Agar tak terserang mati gaya , karena menunggu pacarnya keluar dari kamar mandi, Vina meminta salah-seorang personel band lain, yang tak lain adalah aku sendiri, untuk menemaninya. Aku oke-oke saja. Kan udah kenal lama, sejak di Play Group Ushuluddin. Kami pun asyik mengobrol hal-hal yang tak penting. Kemudian Vina menyapu sekeliling ruang depan kamar dengan matanya.
“Kok di sini banyak banget stiker Batman sama KungFu Panda sih?” Tanya Vina kepadaku.
“Terserah kita dong, ini kamar siapa?” Jawabku balik dengan pertanyaan yang nggak penting.
Vina pun tersenyum kecut. Lalu ia mengatakan, teringat masa lalunya gara-gara melihat stiker Super Hero Batman tadi.
“Tau nggak Bowo, dulu aku tuh terobsesi banget jadi Super Hero-Super Heroan gitu,” kata Vina.

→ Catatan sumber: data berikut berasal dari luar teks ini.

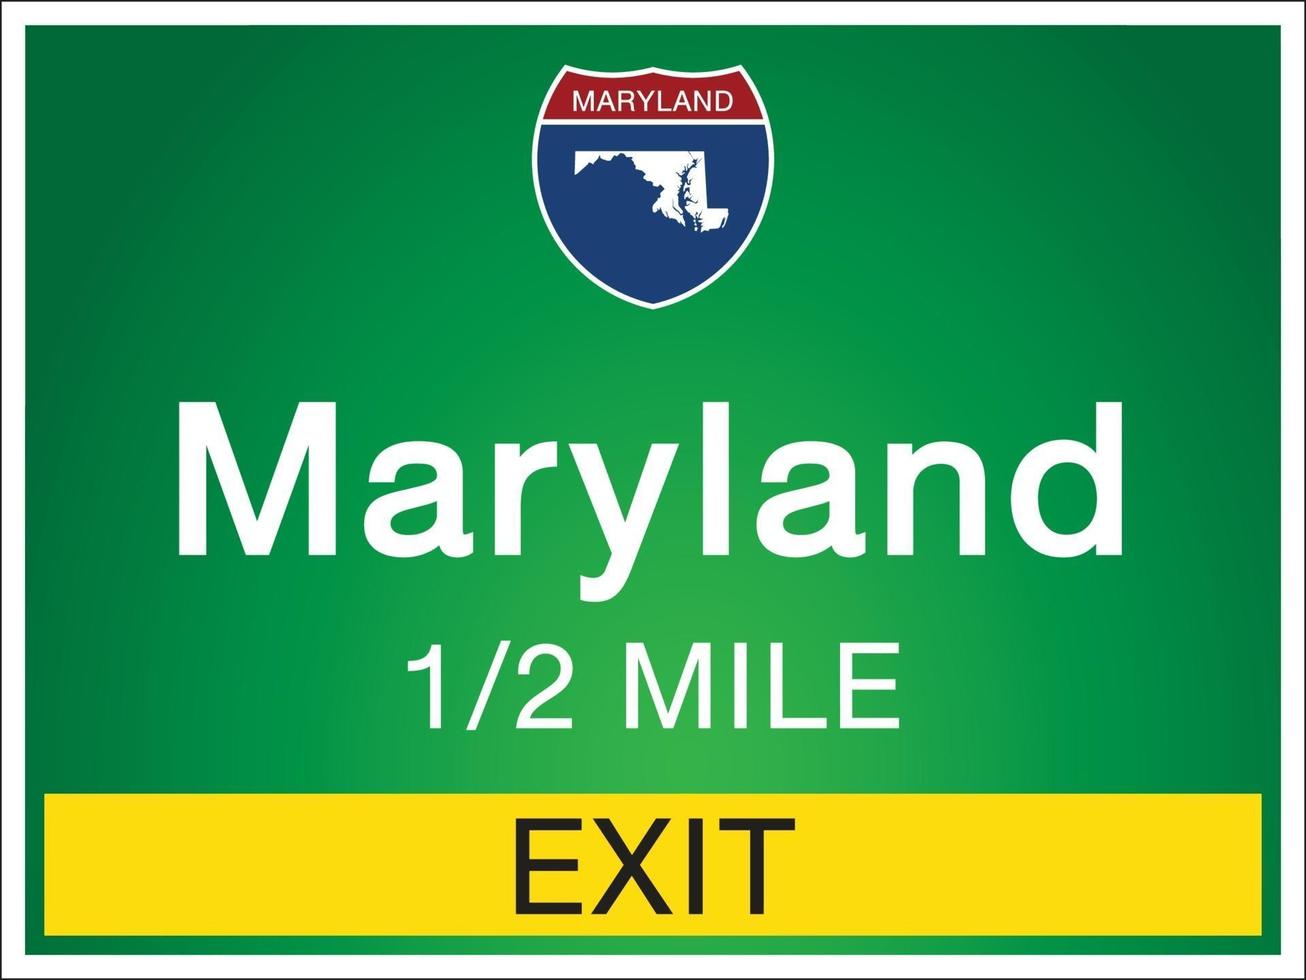 Señalización en la autopista en información y mapas del estado de Maryland. vector

“Waktu masih kecil?” Tanyaku.
“Iya,” jawab Vina. Dulu tuh, lanjut Vina, aku pengen jadi Superman. Padahal aku kan cewek ya. Tapi aku nggak mau jadi Super Women. Soalnya pakaiannya nggak menutupi aurat alias pornoaksi. Aku sering mencoba terjun dari ketinggian lima meter gitu. Pas mendarat, kakiku salah posisi. Jadinya terkilir. Pas pulang dengan jalan pincang, sampai pintu langsung diintrogasi mama.
“Kenapa itu kakinya.”
“Jatuh ma.”
“Iya jatuh kenapa?”
“Jatuh aja.”
“Iya jatuh gimana, kok bisa bengkak kaya gini, memangnya ngapain aja?”
“Jadi Superman-Supermanan,” jawab Vina polos.
Kembali ke kamar kost…
Aku yang tertarik dengan kisah-kisah masa kecil seseorang pun segera bertanya pada Vina.
“Waktu jadi Superman-Supermanan itu kelas berapa Vin?”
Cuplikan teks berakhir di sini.